-- Excerpted data follows --
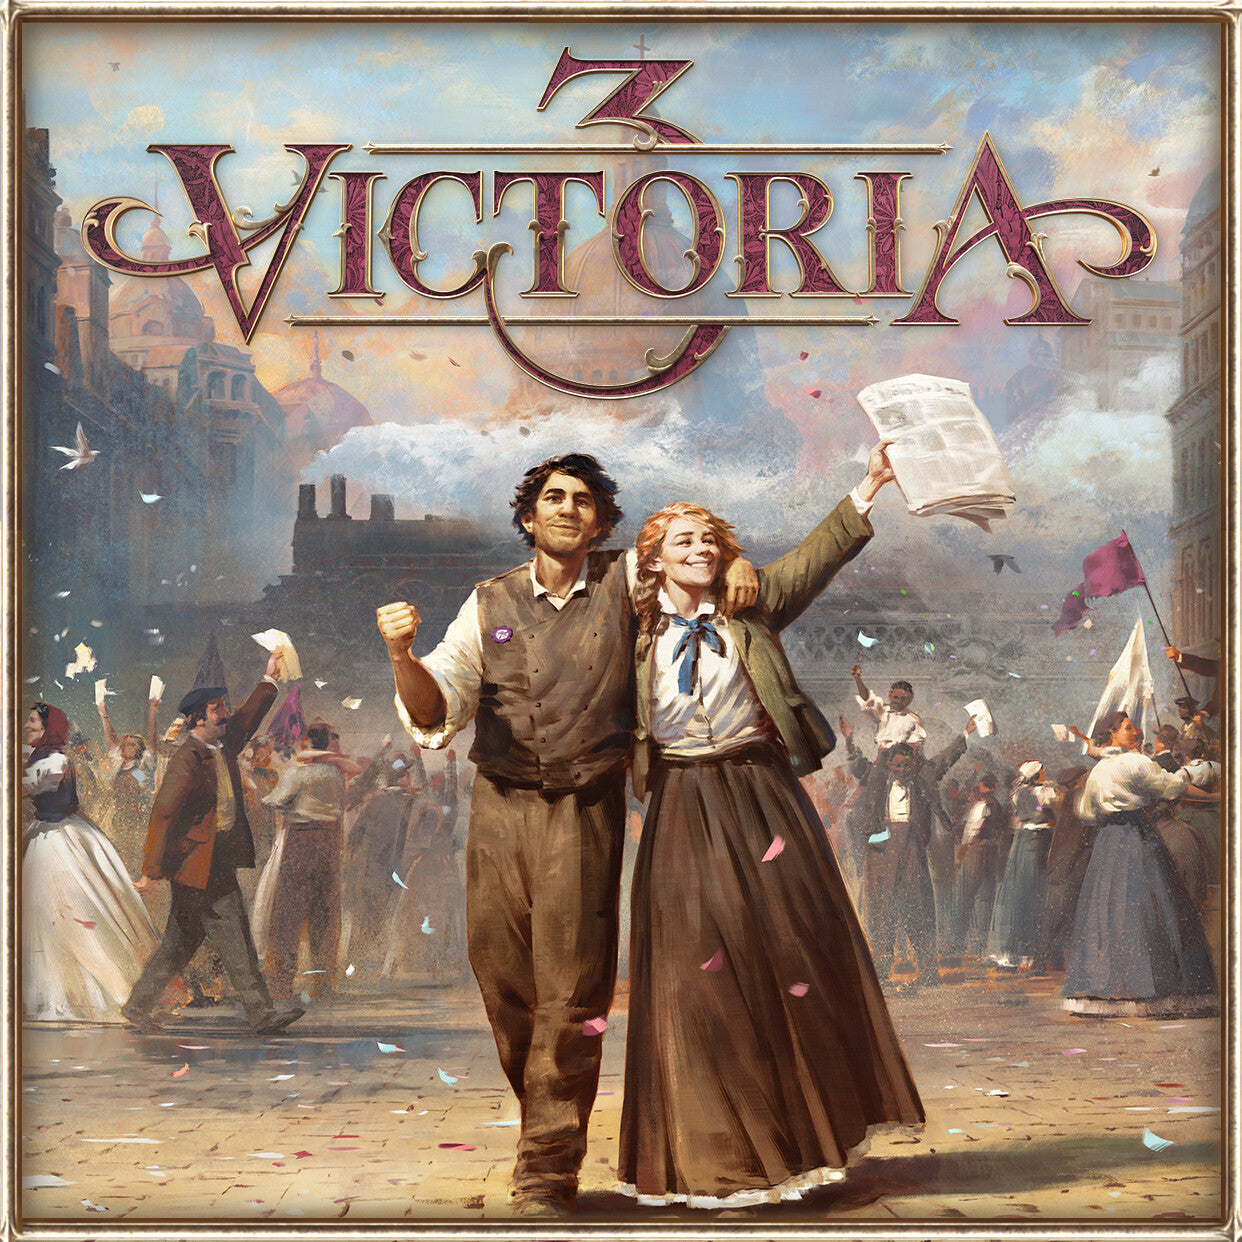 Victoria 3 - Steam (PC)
-- Excerpted data concluded --
-- Excerpted data follows --
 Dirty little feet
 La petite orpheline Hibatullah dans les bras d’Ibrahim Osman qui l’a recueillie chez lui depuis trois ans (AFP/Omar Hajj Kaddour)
-- Excerpted data concluded --
* What needs to be done *
All that is needed is the exact run of lines above from the line containing "Dirty little feet" through the line containing "La petite orpheline", both of them included.

* Solved problem *
 Dirty little feet
 La petite orpheline Hibatullah dans les bras d’Ibrahim Osman qui l’a recueillie chez lui depuis trois ans (AFP/Omar Hajj Kaddour)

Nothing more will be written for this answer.